*** Data segment

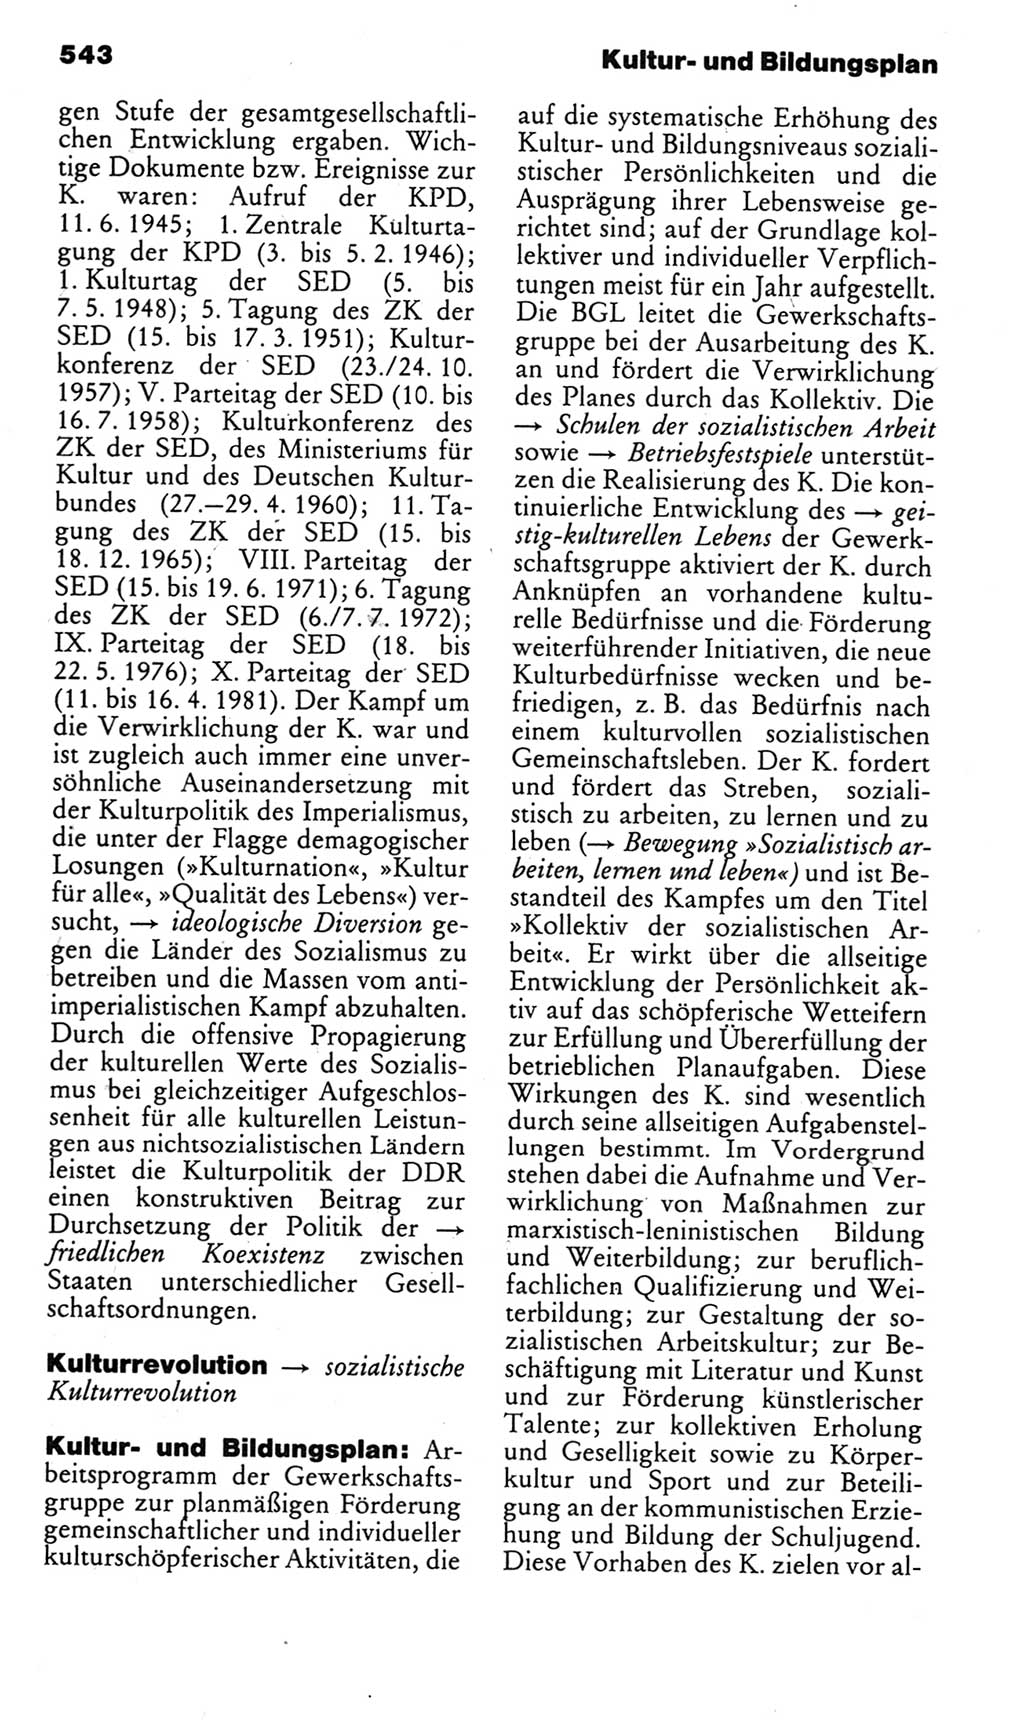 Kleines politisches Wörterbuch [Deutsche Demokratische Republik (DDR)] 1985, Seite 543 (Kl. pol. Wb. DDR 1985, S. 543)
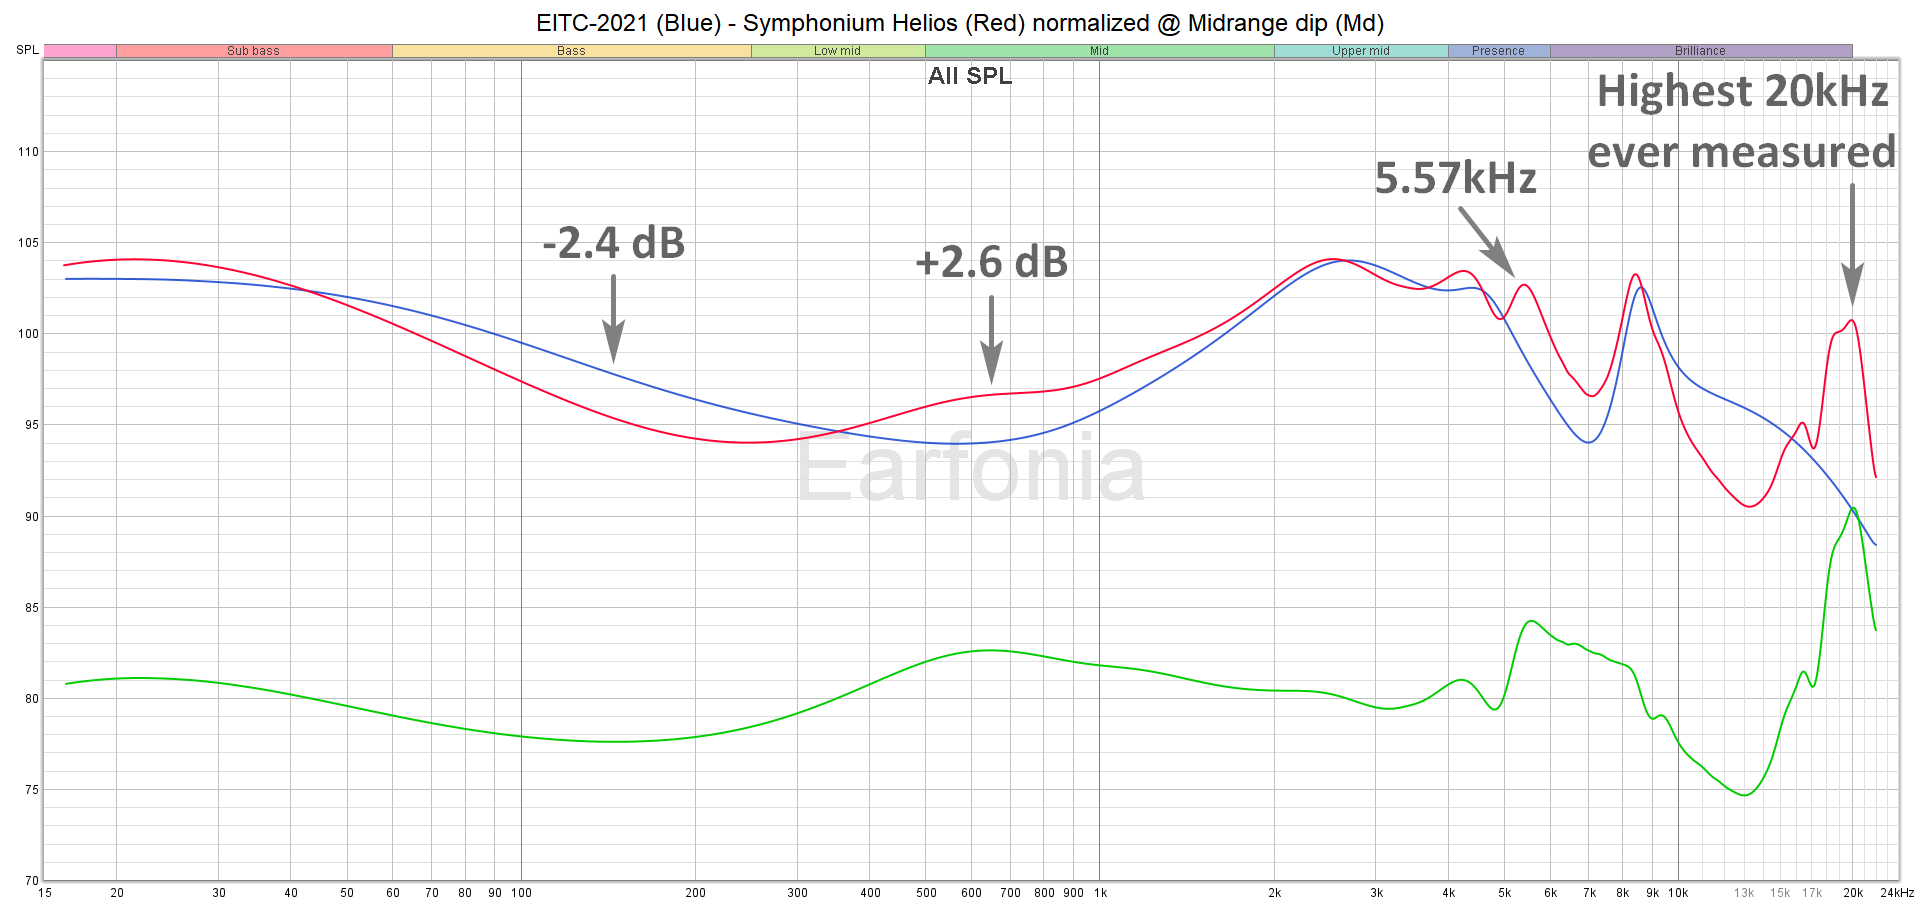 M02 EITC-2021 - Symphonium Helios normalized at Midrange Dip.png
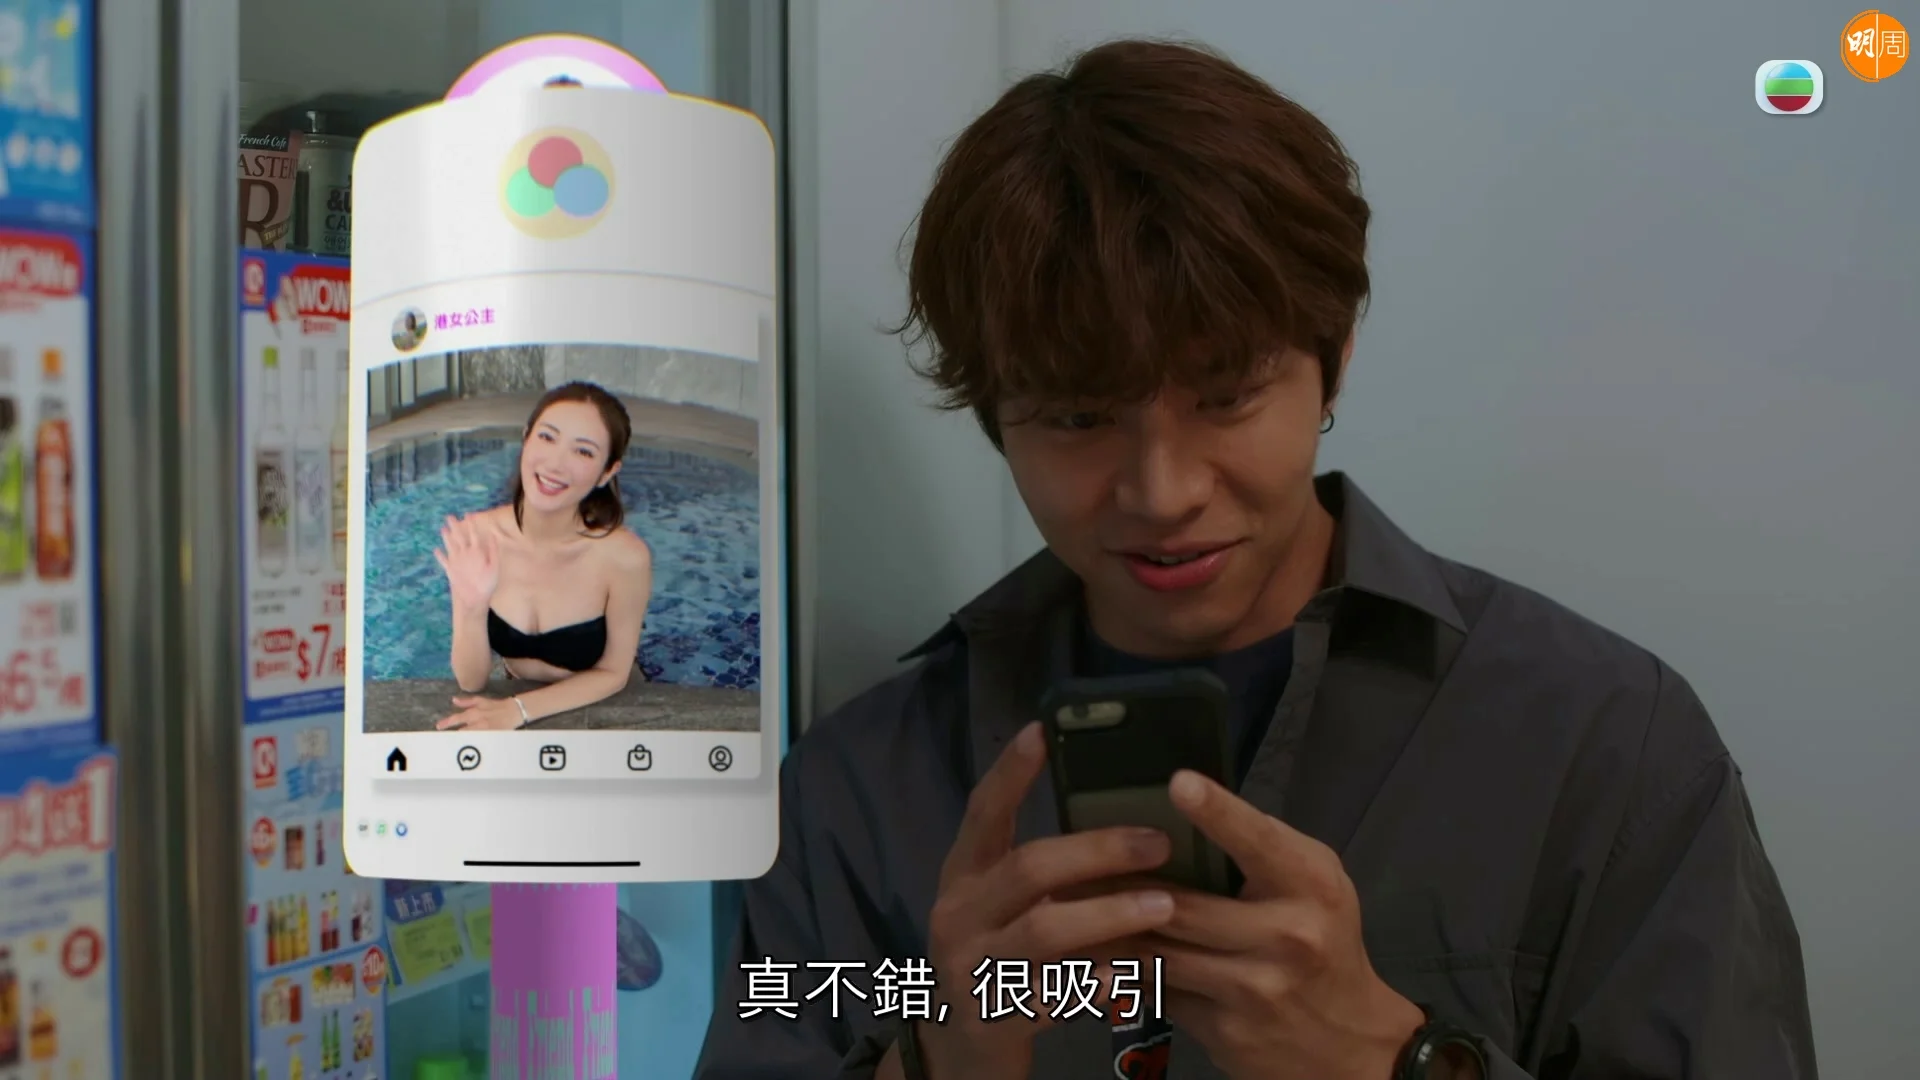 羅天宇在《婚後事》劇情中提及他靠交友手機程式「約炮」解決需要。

******

Goal of the exercise:
Transcribe the whole listing above exactly and leave out the pictures.

Answer box:
 Kleines politisches Wörterbuch [Deutsche Demokratische Republik (DDR)] 1985, Seite 543 (Kl. pol. Wb. DDR 1985, S. 543)
 M02 EITC-2021 - Symphonium Helios normalized at Midrange Dip.png
 羅天宇在《婚後事》劇情中提及他靠交友手機程式「約炮」解決需要。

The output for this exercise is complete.